Available data:

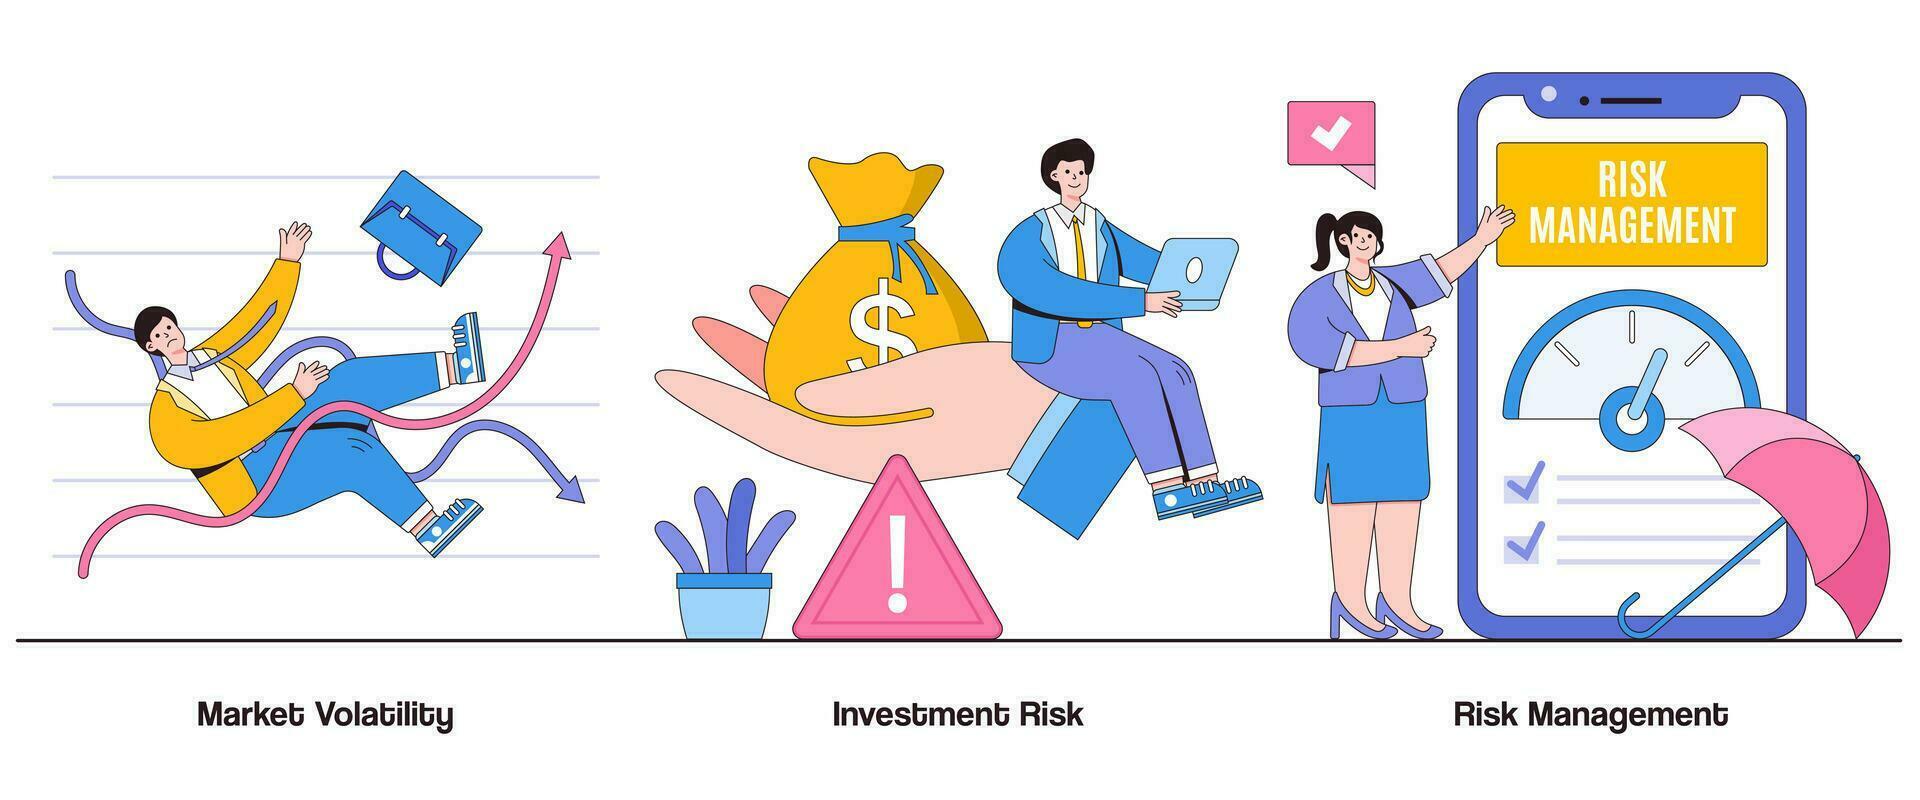 mercado volatilidade, investimento risco, risco gestão conceito com personagem. risco gestão abstrato vetor ilustração definir. investimento segurança, risco mitigação, financeiro estabilidade metáfora
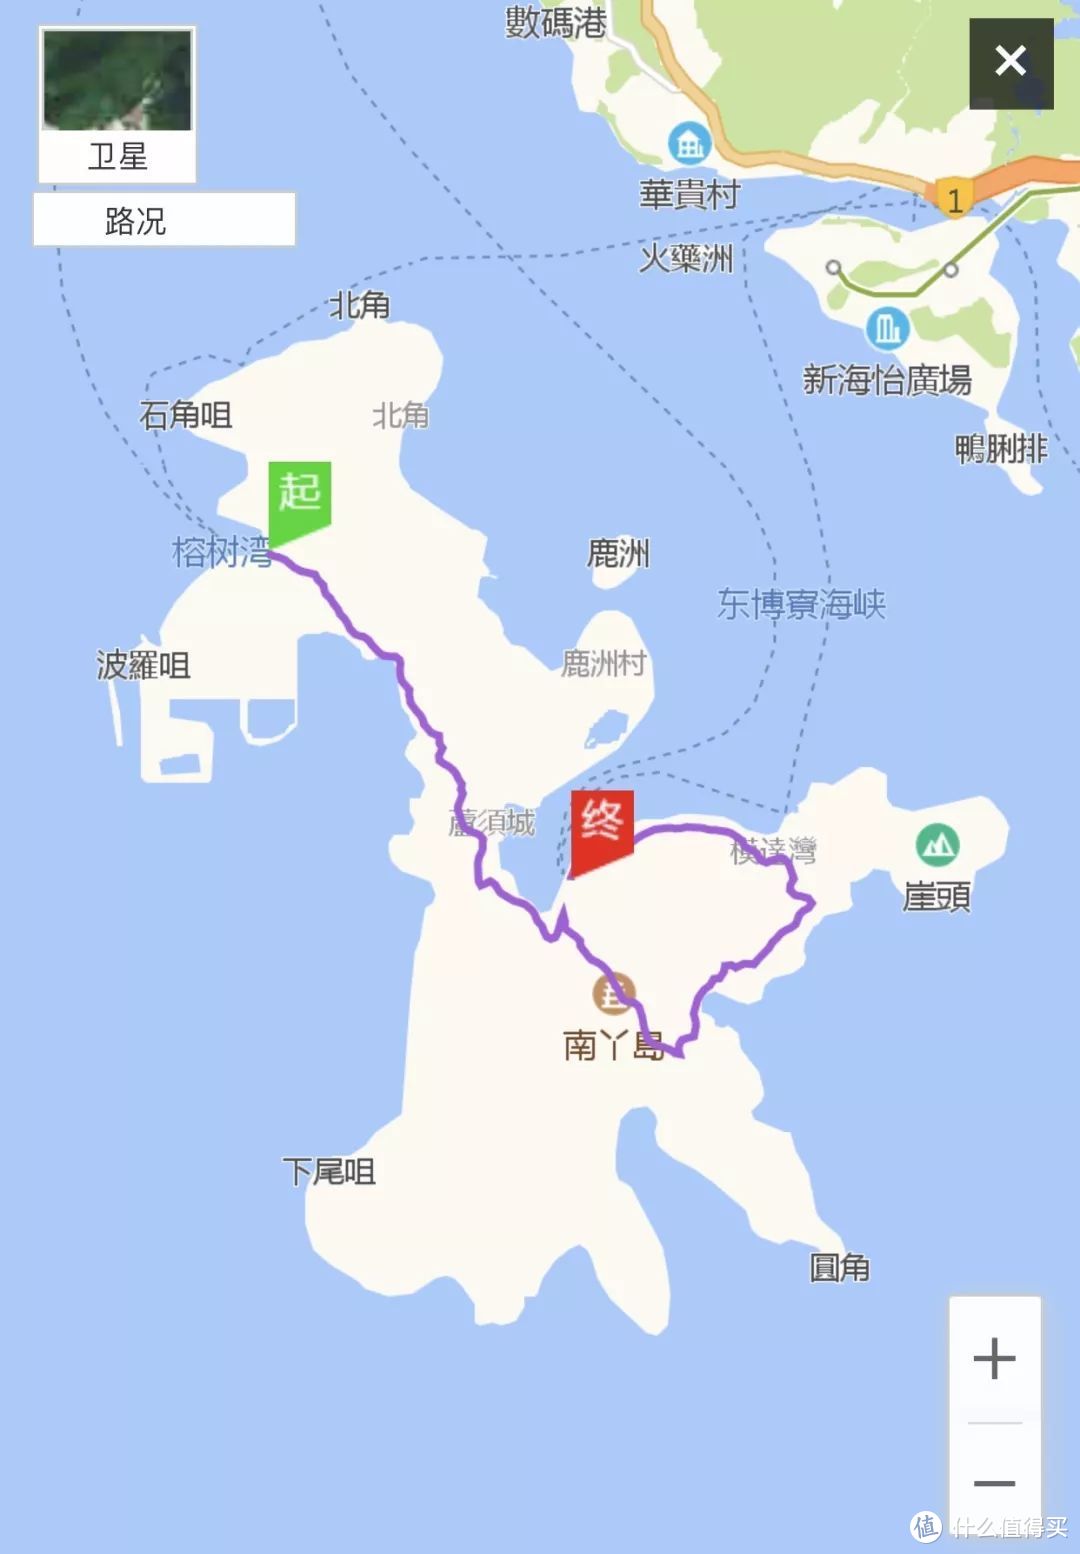 解锁不一样的香港——香港徒步圣地指南
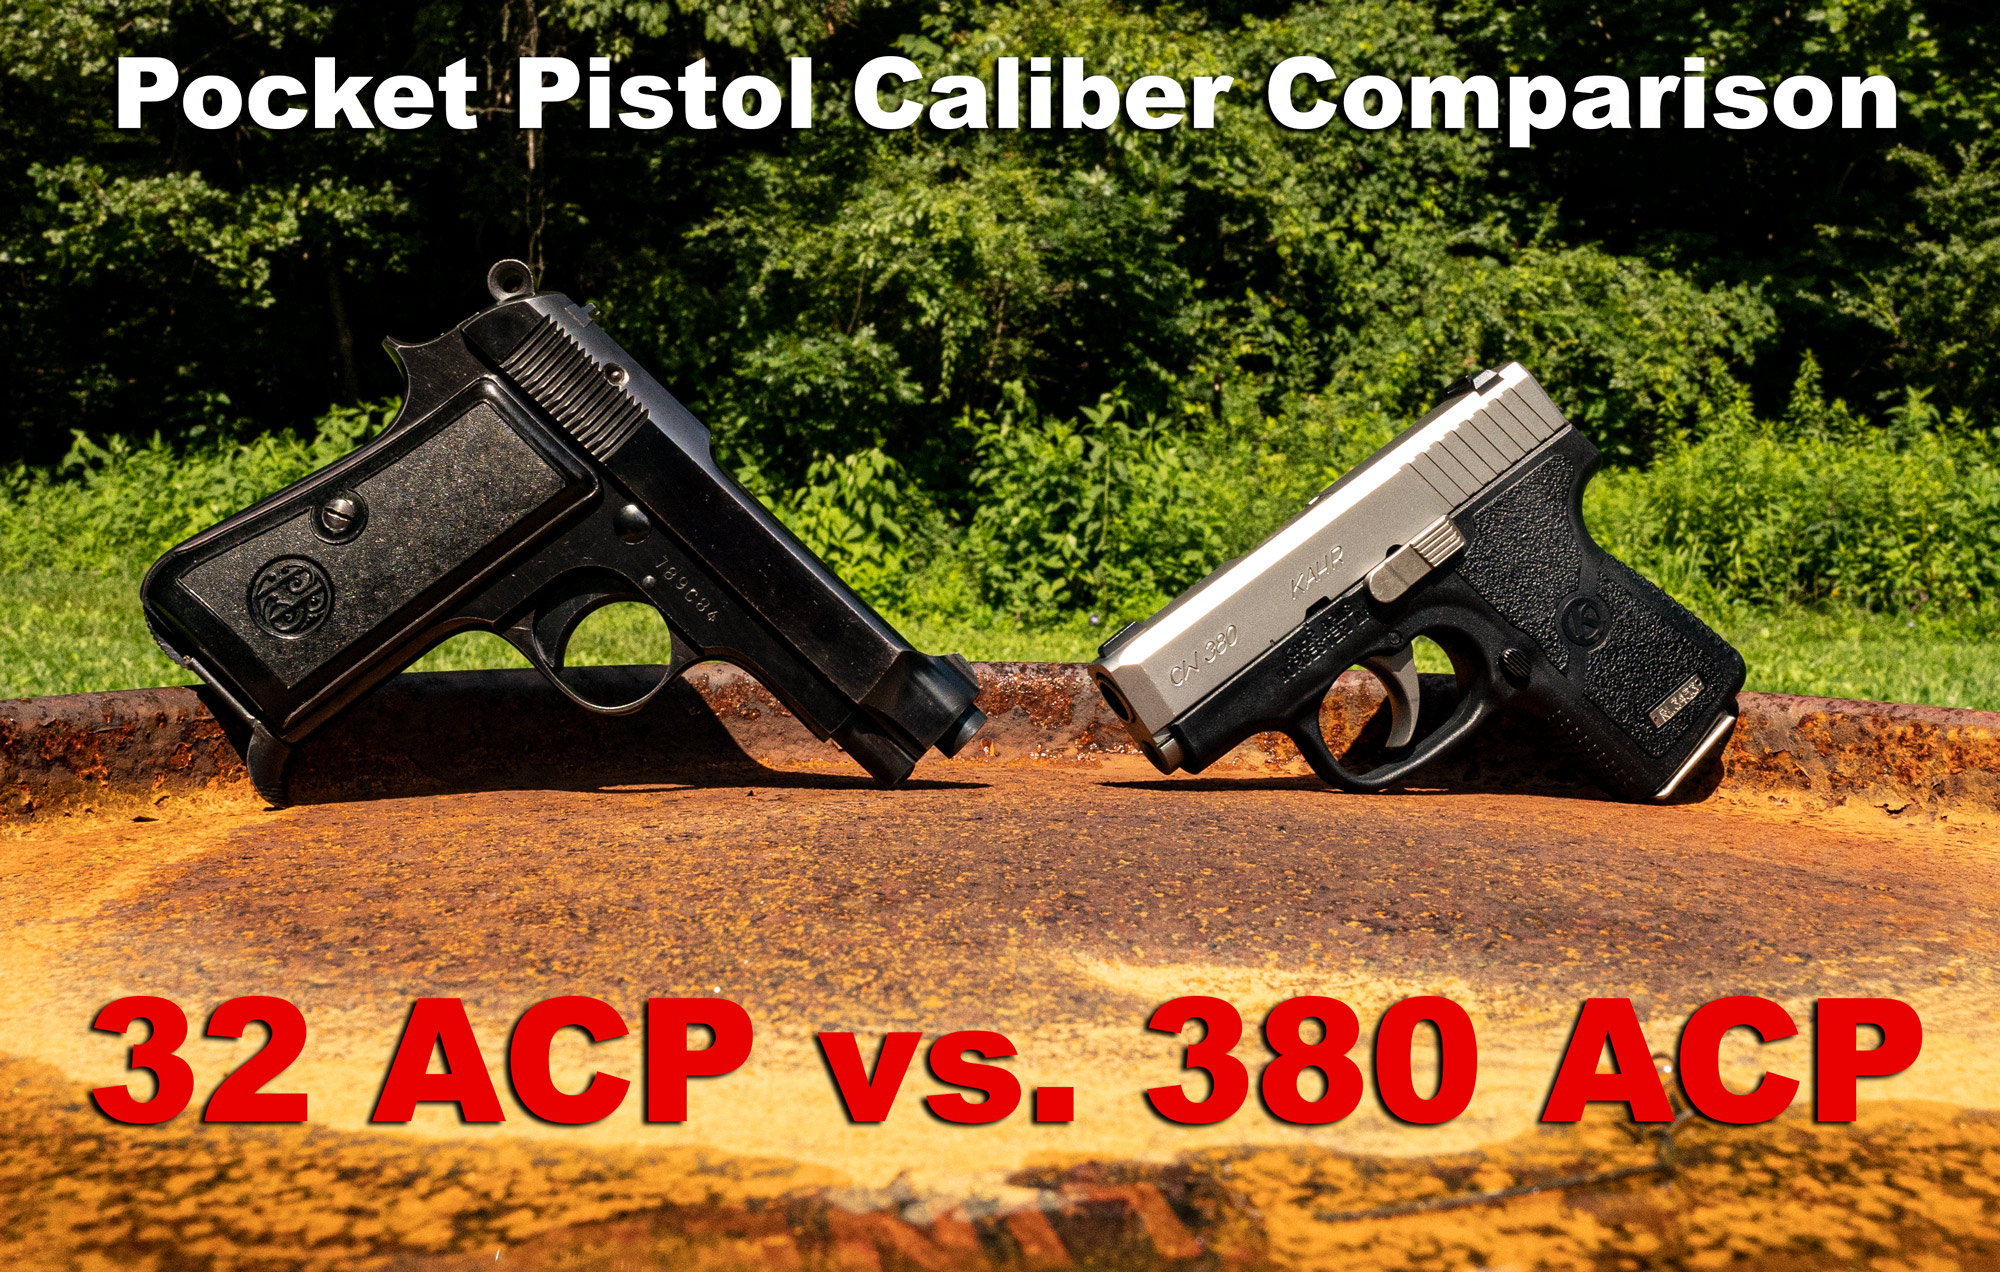 32 ACP vs 380 ACP pistols side by side

Exercise instructions: The entire listing is to be printed exactly, with each picture omitted.

Response area:
 mercado volatilidade, investimento risco, risco gestão conceito com personagem. risco gestão abstrato vetor ilustração definir. investimento segurança, risco mitigação, financeiro estabilidade metáfora
 解锁不一样的香港——香港徒步圣地指南
 32 ACP vs 380 ACP pistols side by side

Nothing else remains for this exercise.